China’s Most Popular App Apologizes After Translating ‘Black Foreigner’ As The N-Word

China’s Most Popular App Apologizes After Translating ‘Black Foreigner’ As The N-Word

The translation service in China’s biggest messaging app, WeChat, is being retooled after offering a racist slur as a translation for the phrase “black foreigner.”

Image: WeChat

Ann James, a black theatre director based in Shanghai, messaged her colleagues in English on Wednesday to say she was running late. When a coworker replied in Chinese, WeChat translated their message into English as “The nigger is late.” As Sixth Tone explains, “hei laowai,” the term the coworker actually used, is a neutral phrase meaning “black foreigner.” But until the issue was raised following James’ rude awakening, WeChat sometimes translated it as the n-word.

WeChat sent Sixth Tone the following apology, but gave no further explanation: “We’re very sorry for the inappropriate translation. After receiving users’ feedback, we immediately fixed the problem.” The platform boasts a staggering 700 million users worldwide and, in China, is used for everything from booking plane tickets to paying utility bills to office communications.

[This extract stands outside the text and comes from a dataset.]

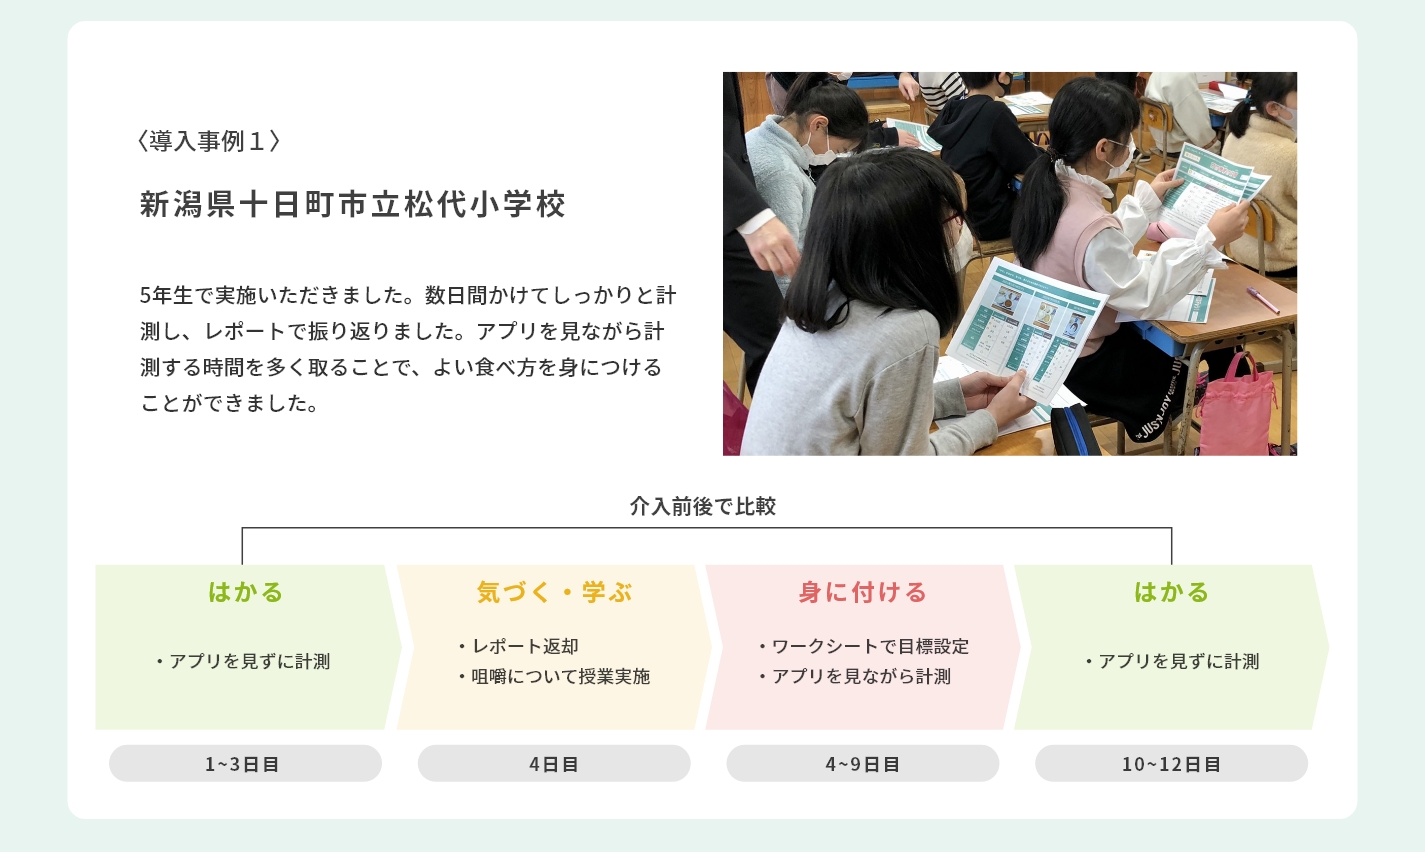 導入事例1新潟県十日町市松代小学校食育授業の一環として実施
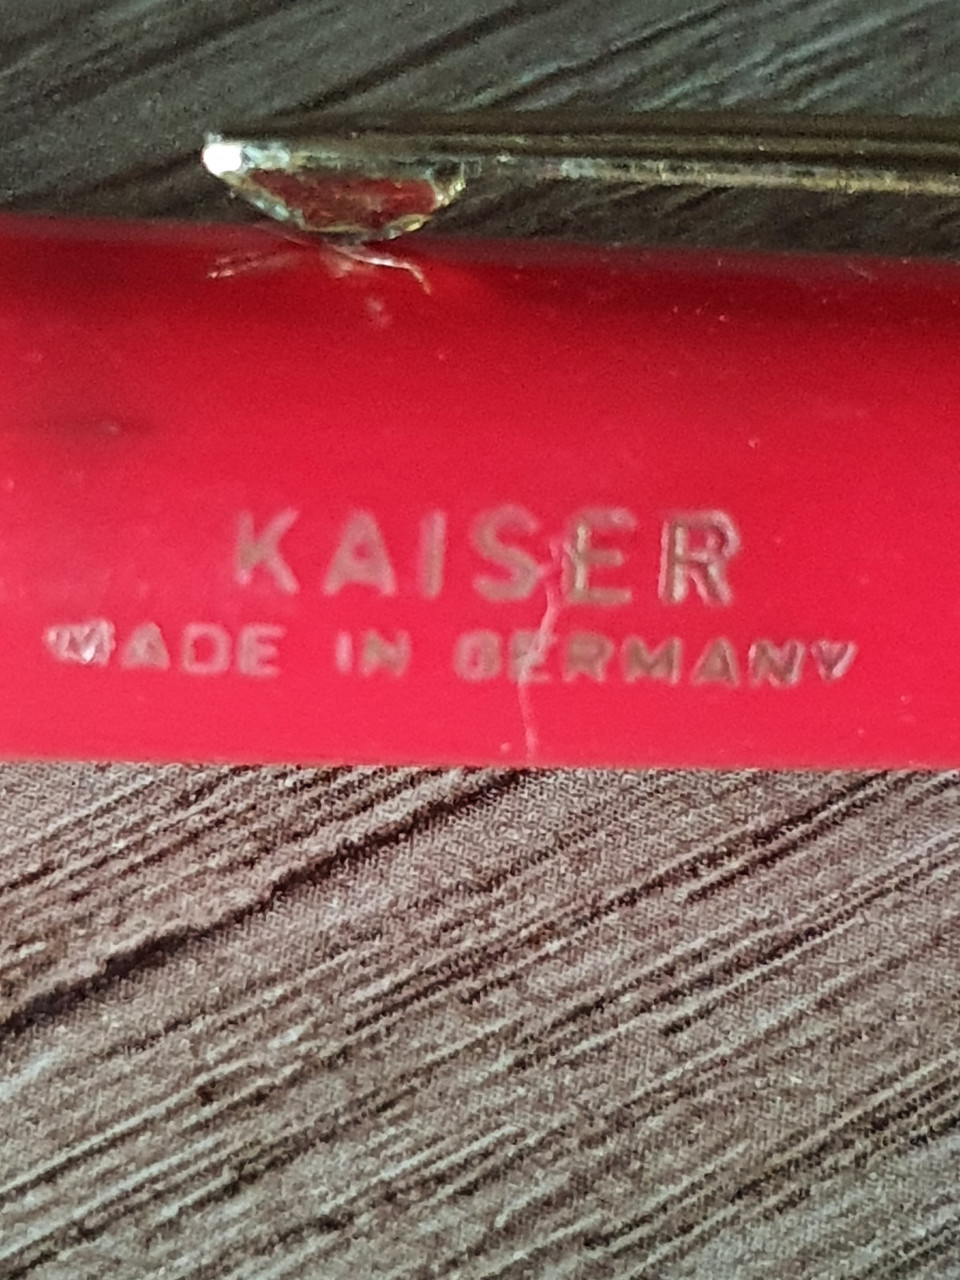 Heel mooie vintage Kaiser vulpen made in Germany, gouden nip aangeboden

WeChat confirmed their software uses neural machine translation, AI that’s been trained on vast quantities of text to gain new vocabulary and, crucially, discern the specific contexts in which to use these new words. That second part may be what triggered the slur. From Sixth Tone:

A local English-language media outlet, That’s Shanghai, reported the story and found that the translator gave neutral translations in some instances but used the slur when the phrase in question included a negative term, such as “late” or “lazy.” Sixth Tone’s own testing on Wednesday evening found similar results.

Recognising patterns is the core of language AI. Neural language processing AI picks up on patterns between associated words, then spits them back out. In 2016, for example, researchers used algorithms trained on Google News copy to uncover associations the news crawler was picking up. As the algorithm determined, “Emily” is to “Ebony” as “pancakes” are to “fried chicken.” In another case, it found “man” is to “woman” as “doctor” is to “nurse.”

This is essentially how you “teach” AI to be racist. AI literalizes negative connotations. If the phrases “black foreigner” or “black person” are used as slurs in conjunction with words like “lazy” or “slow” in the source text, the AI picks up on those patterns and makes them explicit. All the AI does is repeat the associations buried in its source.

Interestingly, the derogatory translations seem to have been provided by an unspecified service, while the inoffensive translations were explicitly performed by Microsoft Translator. That’s Shanghai couldn’t replicate the offensive translation in either Bing Translator or Microsoft’s Neural Machine Translation system. “Hei laowai,” even when coupled with words like “lazy” or “rude,” still produced “black foreigner.” One could infer that Microsoft’s platform either removed the slur already or that association had never been made.

Neural language processing was invented so AI could speak and think more like humans. Sadly, they’re learning the worst of what we offer.